Предыдущая глава |
↓ Содержание ↓
↑ Свернуть ↑
| Следующая глава |
Так часто бывает, что ждешь всю жизнь пакости какой-нибудь, болезни, опасности. Ждешь, готовишься — и ничего не происходит. Едешь в боевые командировки, теряешь бойцов, подставляешь себя под пули, спишь на земле, пьешь из лужи — и ничего. А как только расслабишься слегка — тут тебе и оп-па…
Виктор вздрогнул, тяжело и медленно выплывая из кошмара, и ему тут же ощутимо больно ударил в глаза по-настоящему тяжелый и режуще-острый луч света, а на обе руки навалилась неподъемная тяжесть.
А ведь собаки-то, выходит, лаяли не во сне. Это не сон, нет. Это гораздо хуже сна.

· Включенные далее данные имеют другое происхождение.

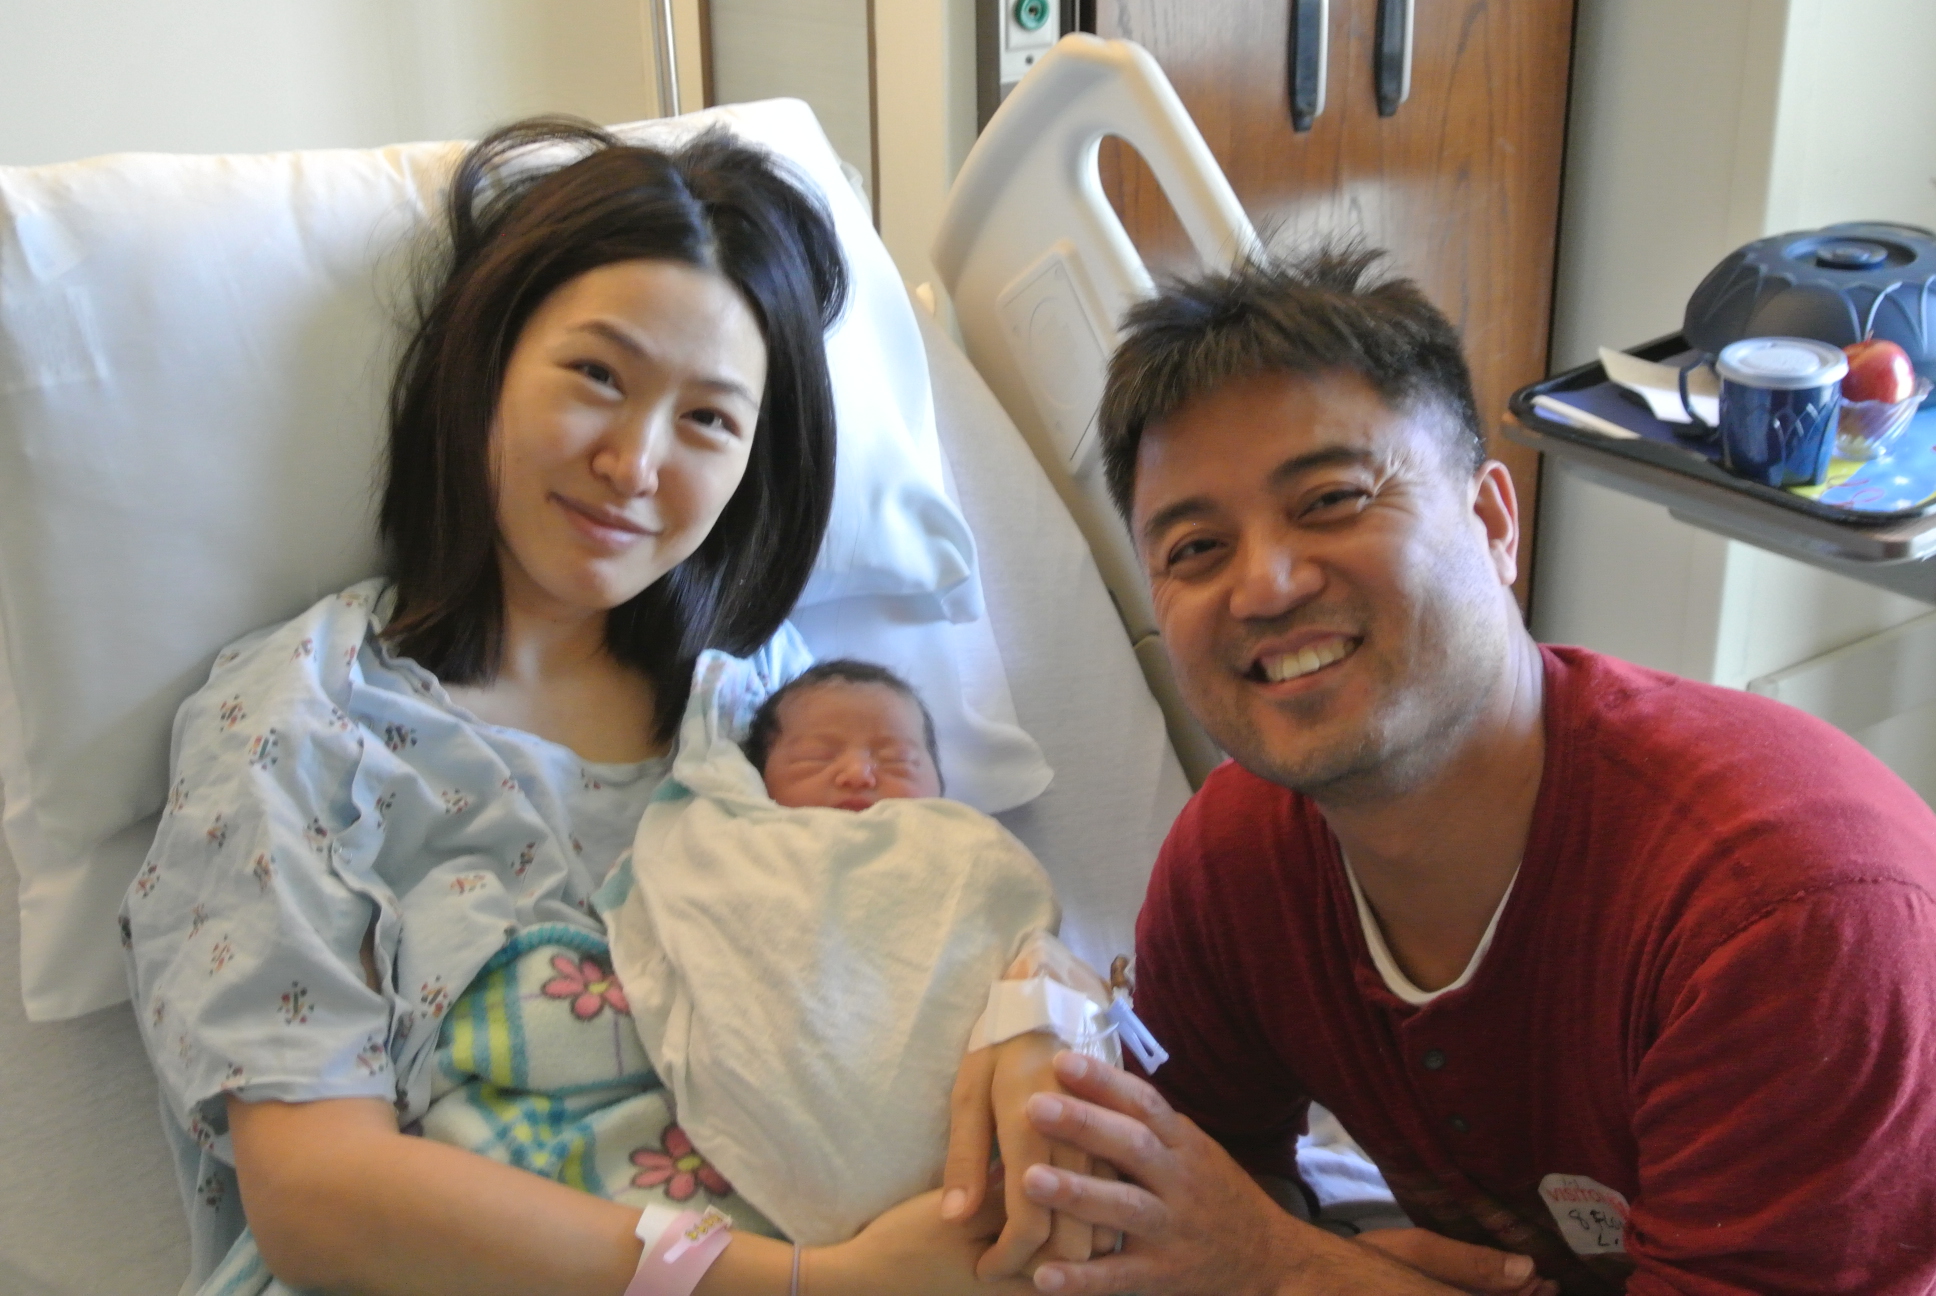 The first Korean baby born in Los Angeles in 2014 was named Ye-ju by her father Kim Hyo-young, 42, and mother Lee Sun-nam, 30, of La Mirada, California. (Jung Gu-hoon)

— Держать крепче! — скомандовал кто-то рядом. Потом хлопнул негромко выстрел, второй, и тут же собачий визг, и сразу обвалилась тишина, нарушаемая только дыханием тех, кто держал руки.
— Он очнулся!
— Виктор Сергеевич! — луч фонаря убрали чуть в сторону, и над Виктором замаячило чье-то лицо белым пятном на фоне закопченного потолка. — Вы слышите меня? Виктор Сергеевич!
— Ну, — с трудом откликнулся он, прикидывая, что можно сделать.

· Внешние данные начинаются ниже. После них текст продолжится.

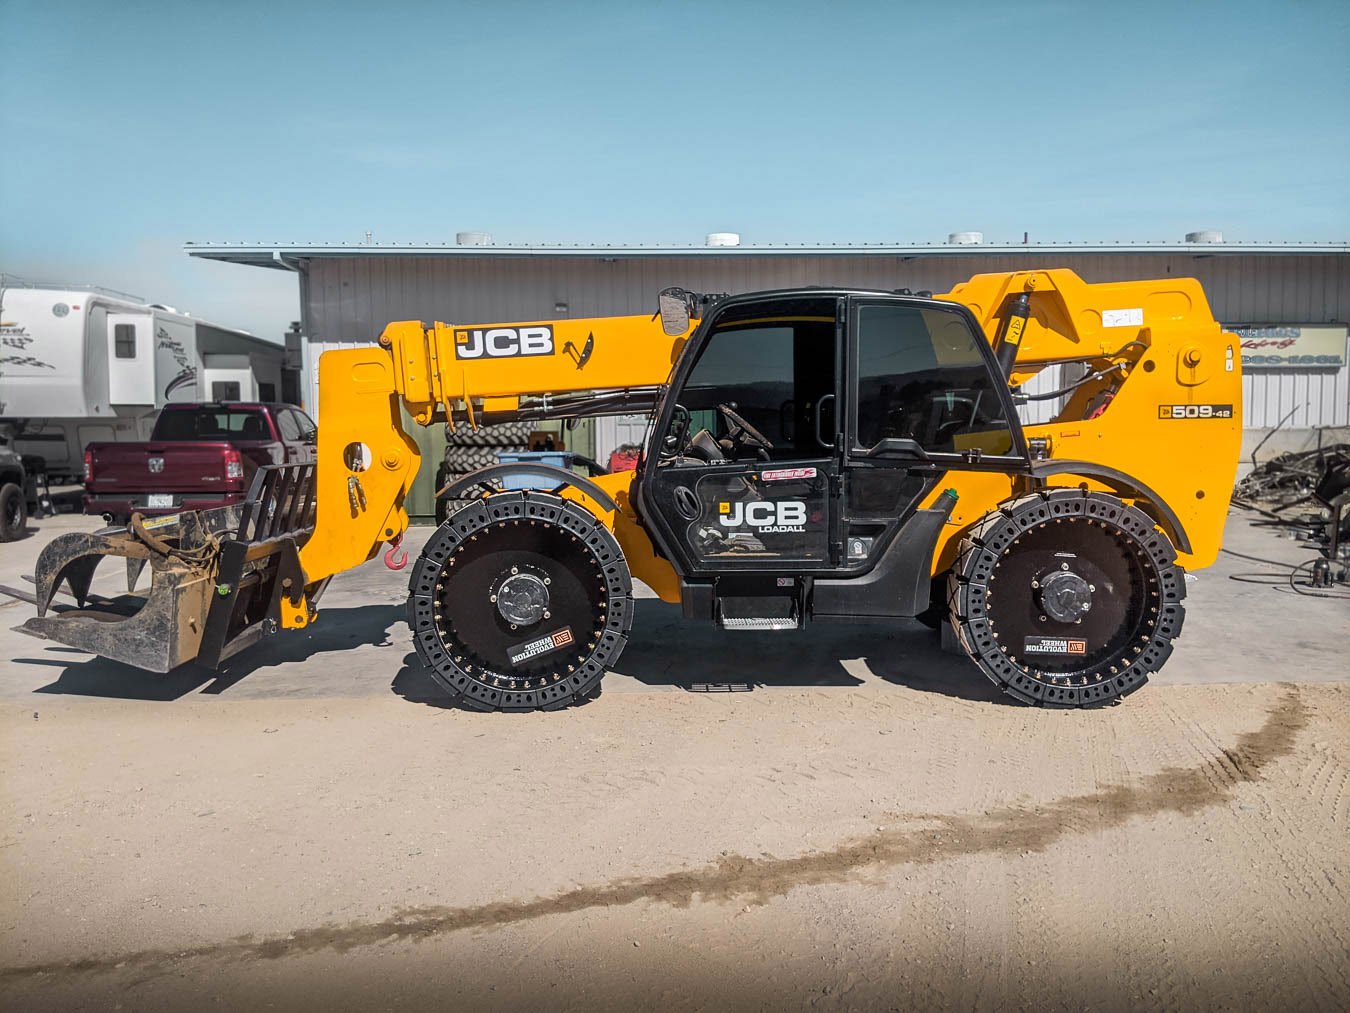 This picture shows our JLG telehandler tires on a black and yellow JCB telehandler

— Мы из управления. Нас за вами послали. Давно уже вас ищем…
— Из какого еще управления? — он говорил негромко, стараясь усыпить, убаюкать, успокоить противника. Да и не мог он громко говорить — свистело и хрипело в груди от любого движения.
Разговаривает? Это хорошо. Будем, будем говорить о чем угодно. Говорить и готовиться. Вот только слишком много их. Больше трех, чувствуется. А он ослаб от этой гадской и такой несвоевременной болезни. На драку, на серьезную драку, на рукопашный бой его просто не хватит. Только если расслабить, успокоить разговором, а потом — плавно и незаметно руку в карман. А в кармане — наградной.

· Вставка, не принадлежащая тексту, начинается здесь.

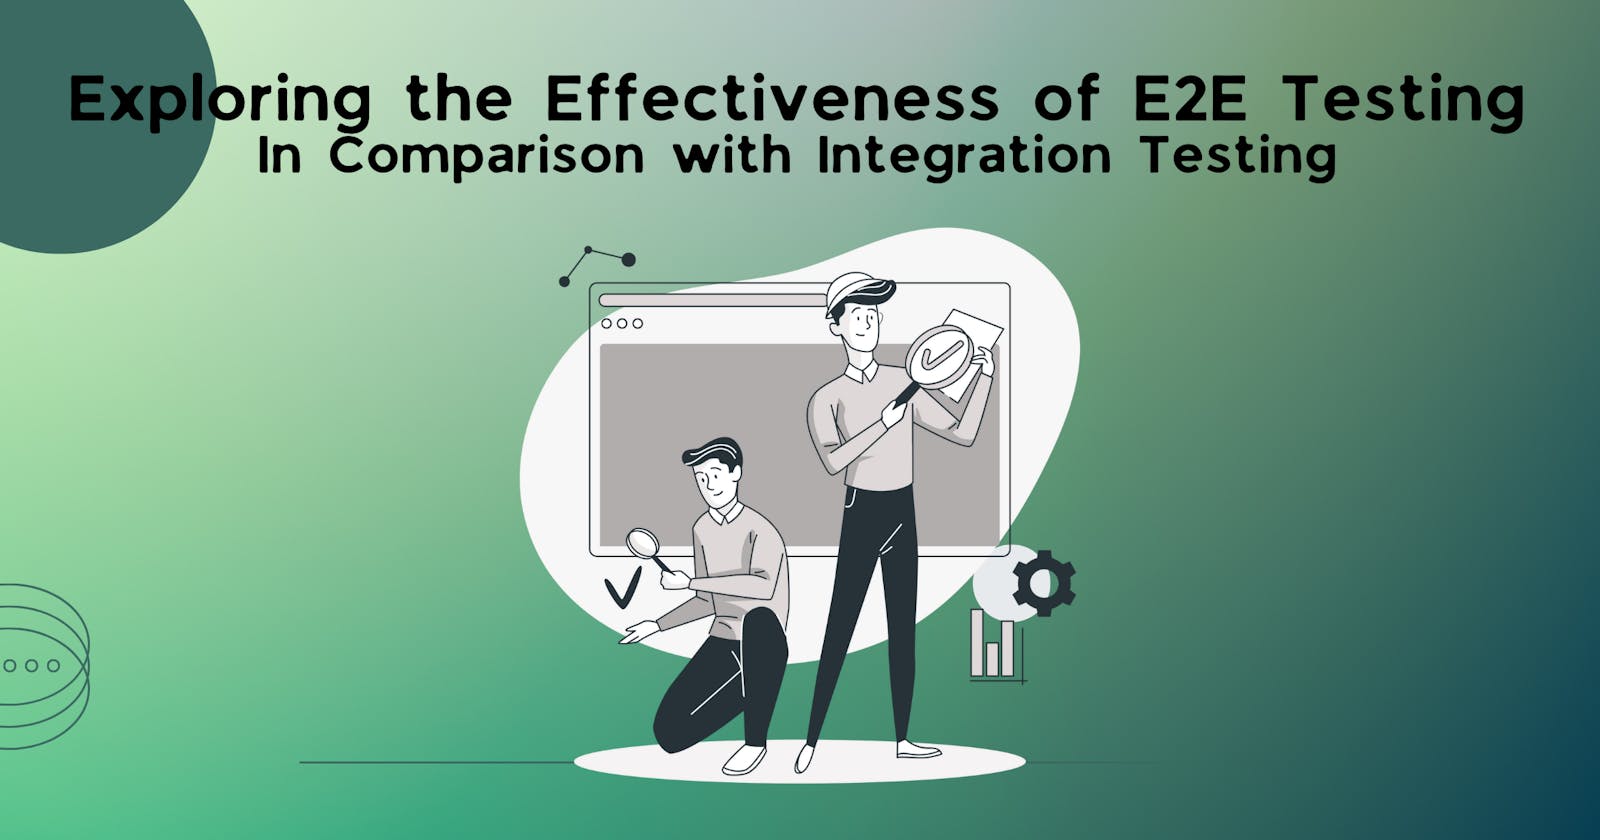 Exploring the Effectiveness of E2E Testing: In Comparison with Integration Testing

Служебный тяжелый «стечкин» он сдал сразу после той страшной провальной операции на Кислотном. И больше не получал его, потому что сразу оказался за штатом. Его дело изучалось в отделе собственной безопасности. Его самого не раз вызывали для «разъяснений», как они говорили. А вот наградной ПСМ с маленькой блестящей табличкой на рукоятке остался с ним. Его Виктор получил на другой работе и хранил дома.
А ведь нет, пожалуй. В карман руку сунуть просто не дадут. Держат крепко, хорошо так держат, умело, профессионально. А кто-то — значит, их точно больше трех! — так же умело уже охлопал всего, расстегнул куртку, проверил карманы, достал из застегнутого на молнию внутреннего служебное удостоверение, вытащил из бокового пистолет:
— Вот, товарищ капитан, пукалка у него какая…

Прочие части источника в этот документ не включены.